UNA RIVOLUZIONE CULTURALE OLTRE CHE SCIENTIFICA

Nell’Esposizione del suo saggio sulla Sincronicità come principio di nessi acausali, edito nel 1952 ed incluso in un volume intitolato Psiche e Natura (“Naturerklärung und Psyche” – mente e materia) , comprendente una monografia del premio Nobel per la fisica Wolfgang Pauli (1900-58), C.J. JUNG esordisce così: «I risultati conseguiti dalla fisica moderna hanno provocato, com’è noto, un mutamento significativo della nostra immagine scientifica del mondo: essi hanno scosso la validità assoluta delle leggi naturali e l’hanno trasformata in una validità relativa. Le leggi naturali sono verità statistiche, cioè sono per così dire interamente valide soltanto quando si tratta di grandezze macrofisiche. Nella sfera di grandezze minime invece predire ciò che avverrà diventa incerto o impossibile, poiché grandezze molto piccole non si comportano più in modo conforme alle leggi naturali conosciute.»
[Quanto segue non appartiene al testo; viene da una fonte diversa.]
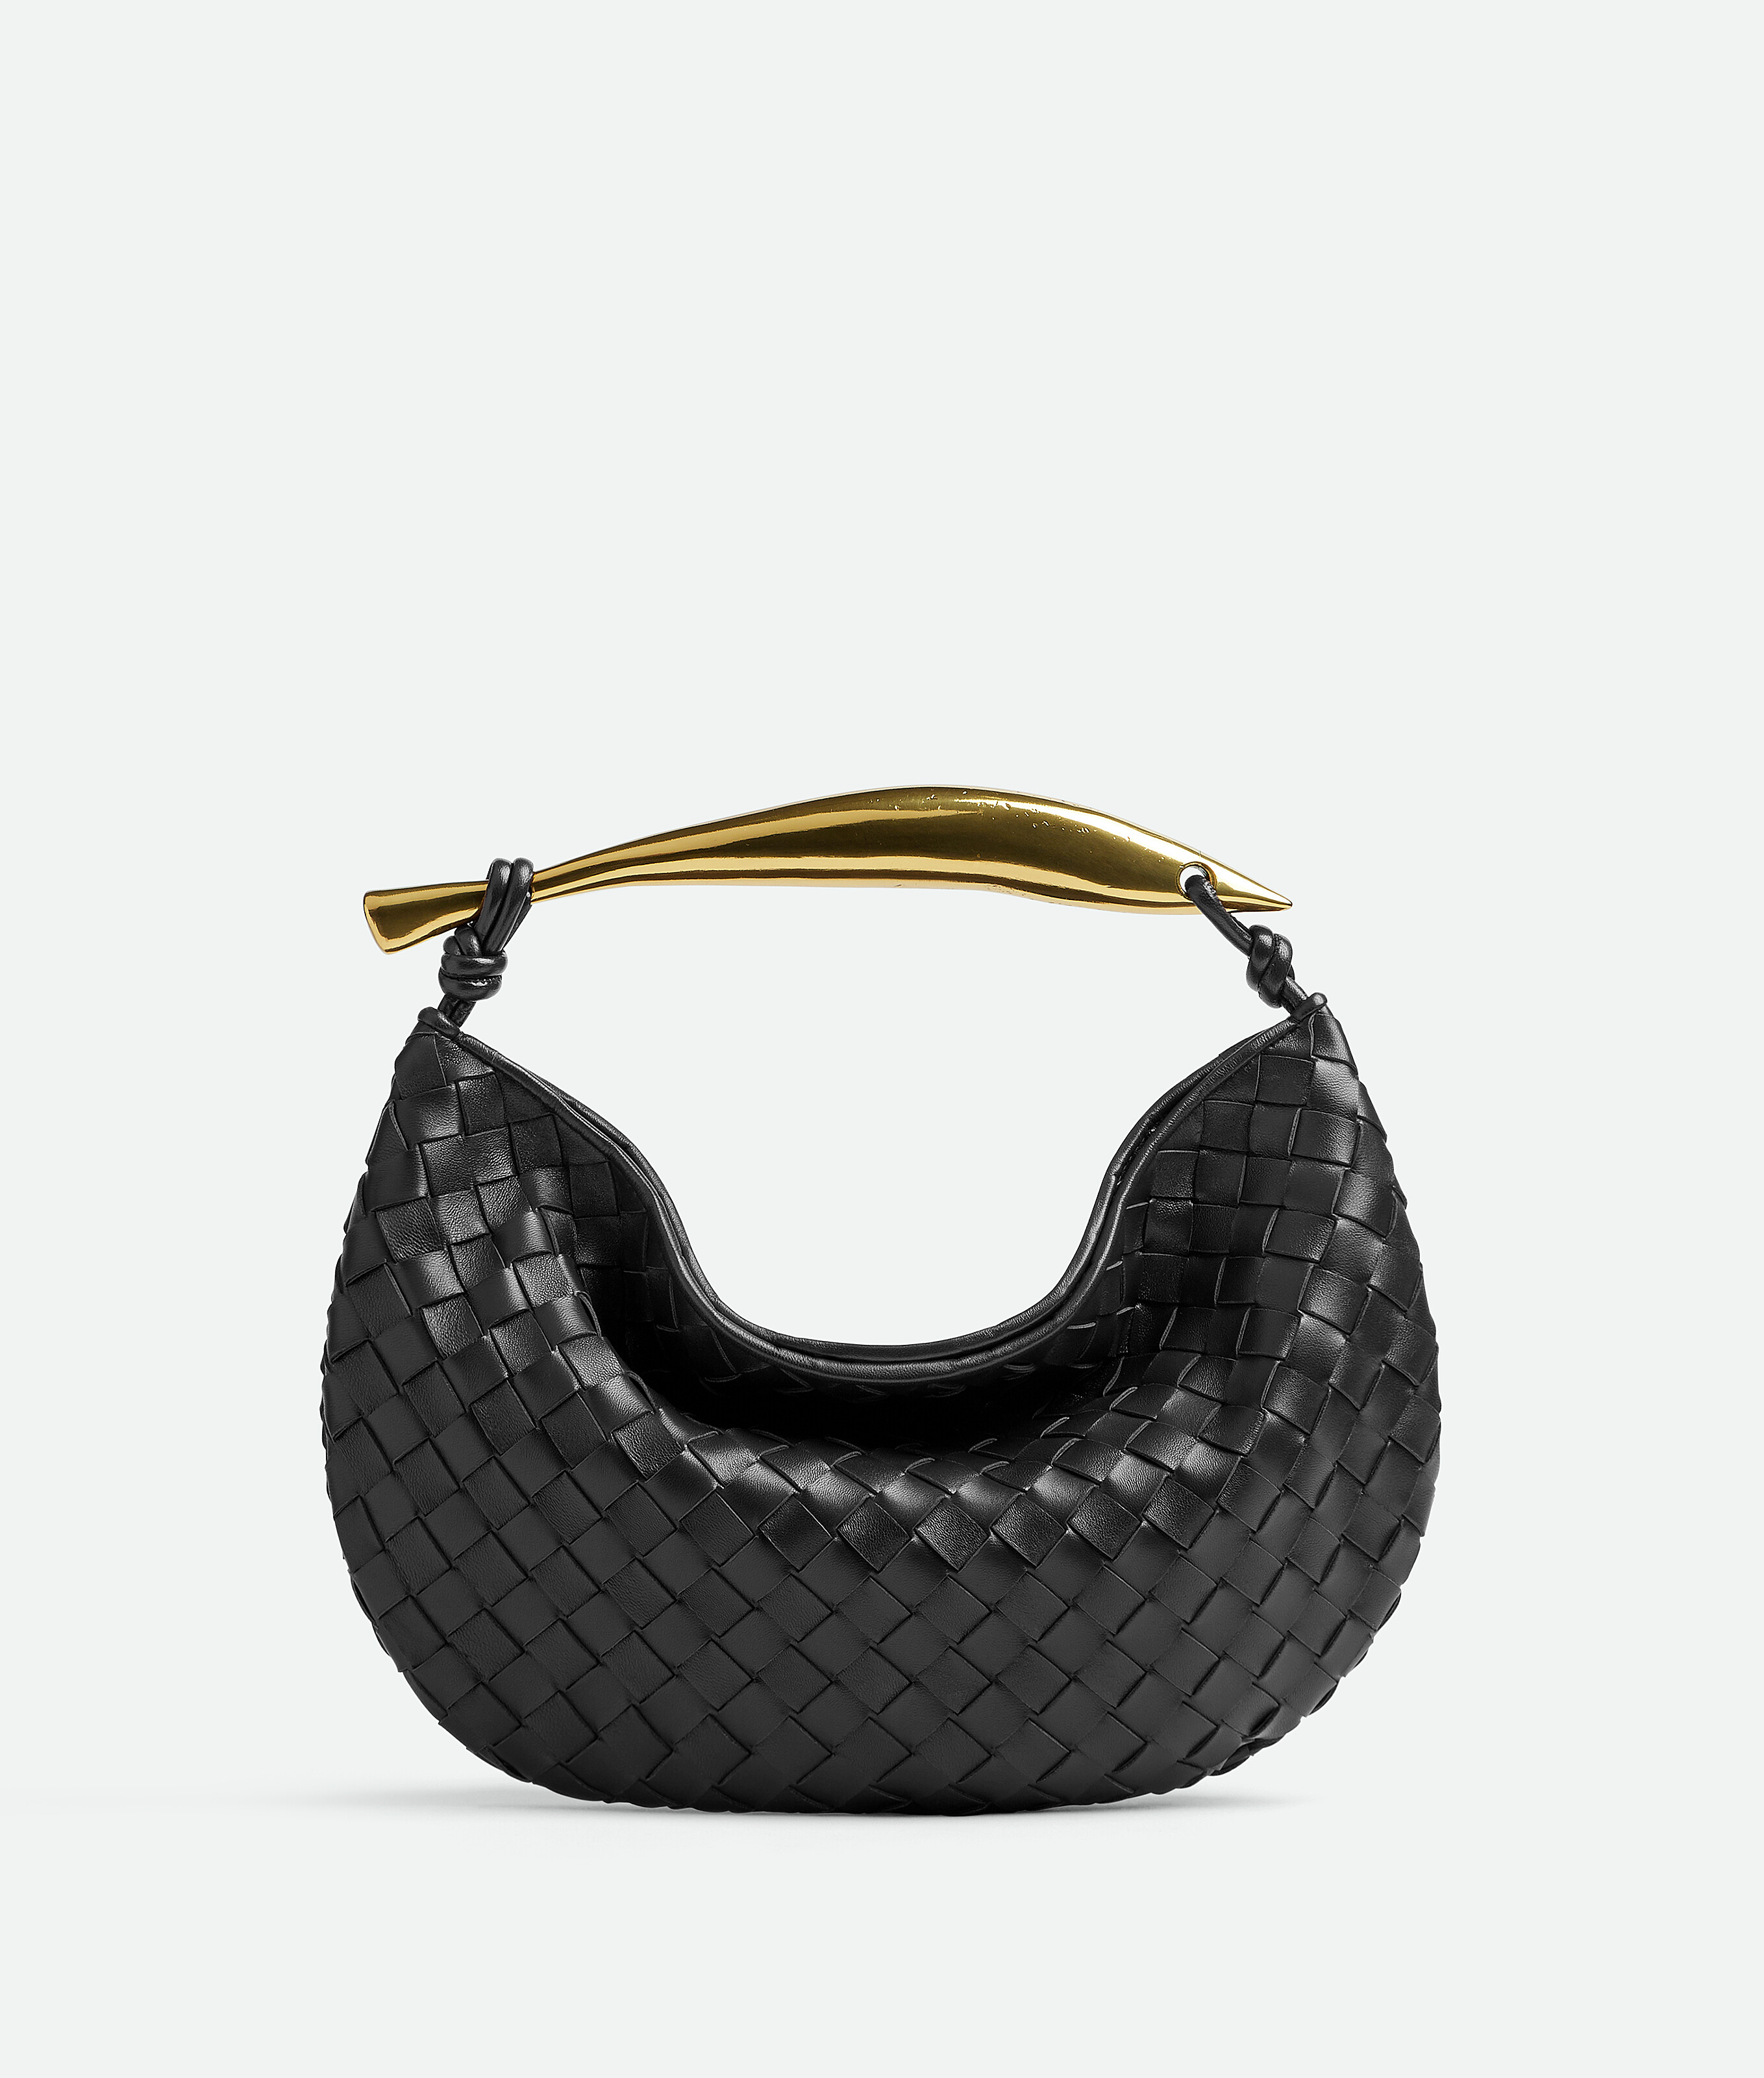 Bottega Veneta Women's Sardine Top Handle Bag
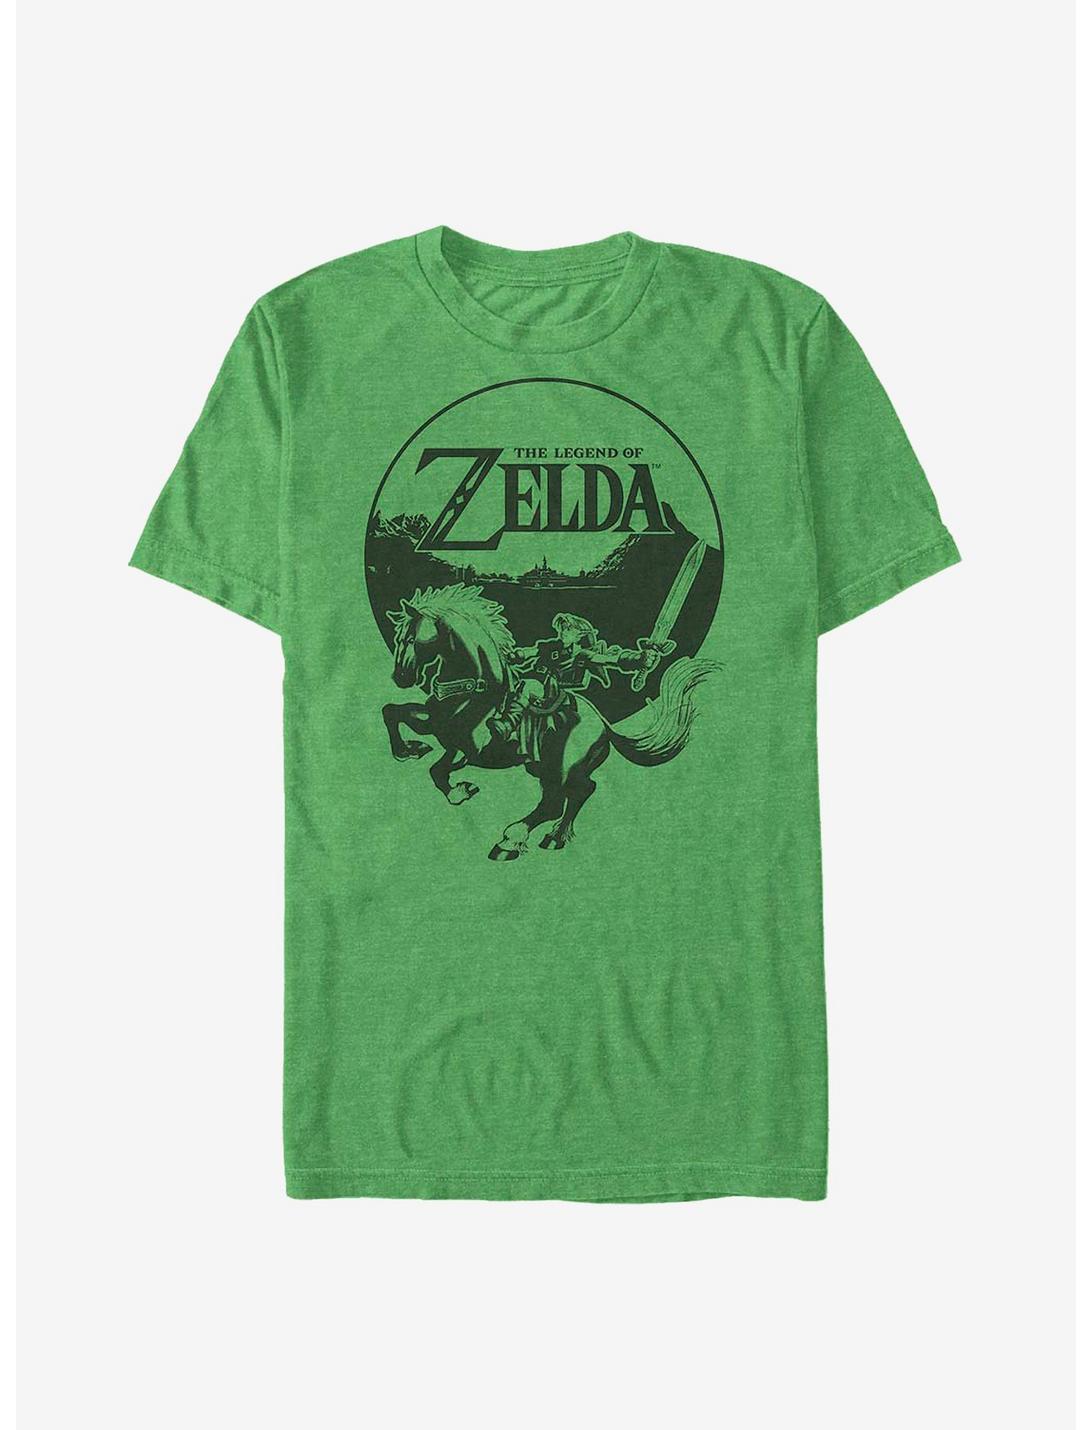 Plus Size Nintendo Zelda Vintage Fighter T-Shirt, , hi-res

I risultati conseguiti dalla fisica moderna hanno scosso la validità assoluta delle leggi naturali, un autentico terremoto, quindi…Si potrebbe pensare, che il noto psichiatra, proprio in quanto tale, abbia enfatizzato il concetto, ma non è così. Da un’attenta disamina delle scoperte delle varie discipline scientifiche che si sono susseguite nel corso del secolo scorso
emerge chiaramente la portata rivoluzionaria delle stesse, non solo rispetto alle conoscenze conseguite dei secoli precedenti, ma anche relativamente alla stessa base culturale dell’umanità da cui derivano cognizioni, convinzioni, modi di pensare, di essere e di fare.

Inspiegabilmente però, nonostante la quasi totalità degli scienziati e studiosi sia ben consapevole di questa rivoluzione, la stessa non è stata resa nota alla gente comune, alla quale viene “concesso” soltanto di usufruire del progresso tecnico, tecnologico ed informatico che ne scaturisce.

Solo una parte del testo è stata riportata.